**Problem to work on**
Return only the stretch of the material below that begins with the line containing "Back Beach Barbecue Food Truck" and ends with the line containing "Baseball Player Kid", exactly; both of those lines belong to it.

**Task data**
■ ■ ■
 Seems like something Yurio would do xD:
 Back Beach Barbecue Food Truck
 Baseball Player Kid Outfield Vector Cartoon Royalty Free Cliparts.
■ ■ ■
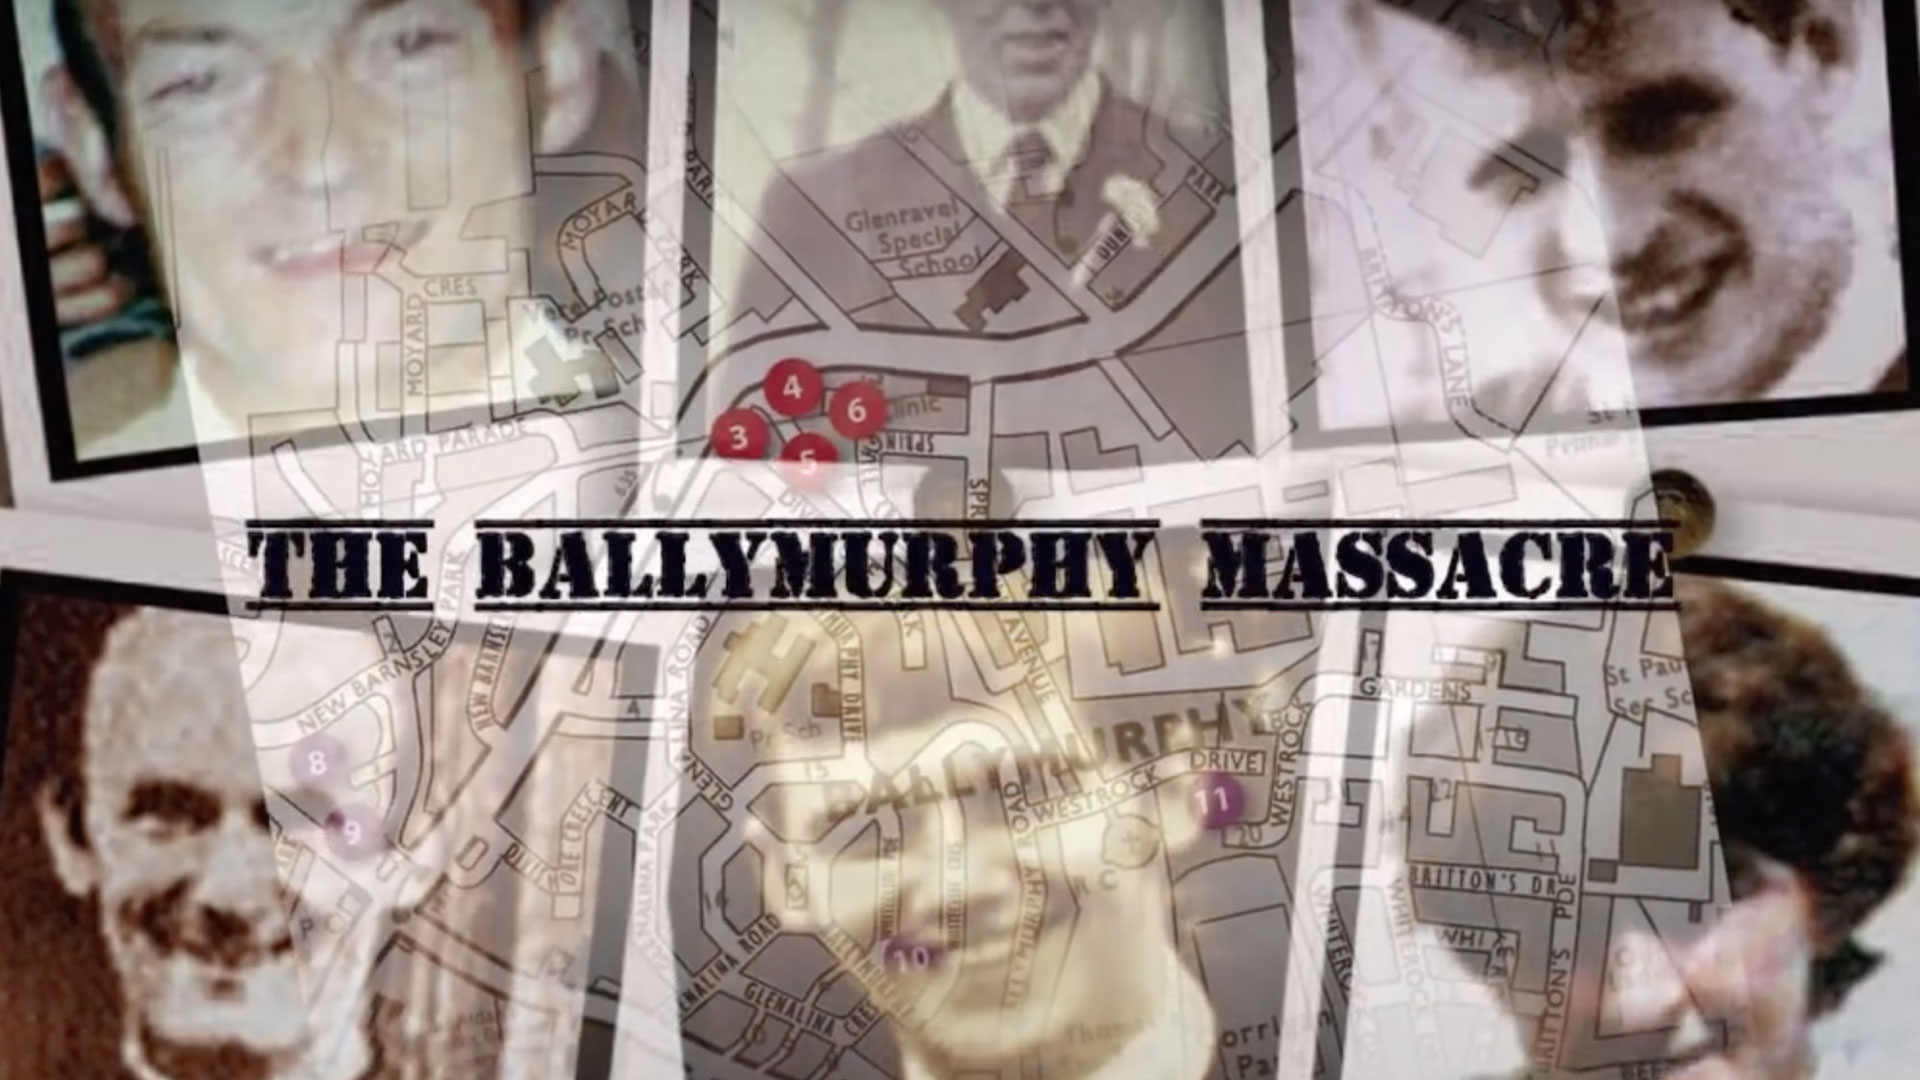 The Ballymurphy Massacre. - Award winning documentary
■ ■ ■
**Result below**
 Back Beach Barbecue Food Truck
 Baseball Player Kid Outfield Vector Cartoon Royalty Free Cliparts.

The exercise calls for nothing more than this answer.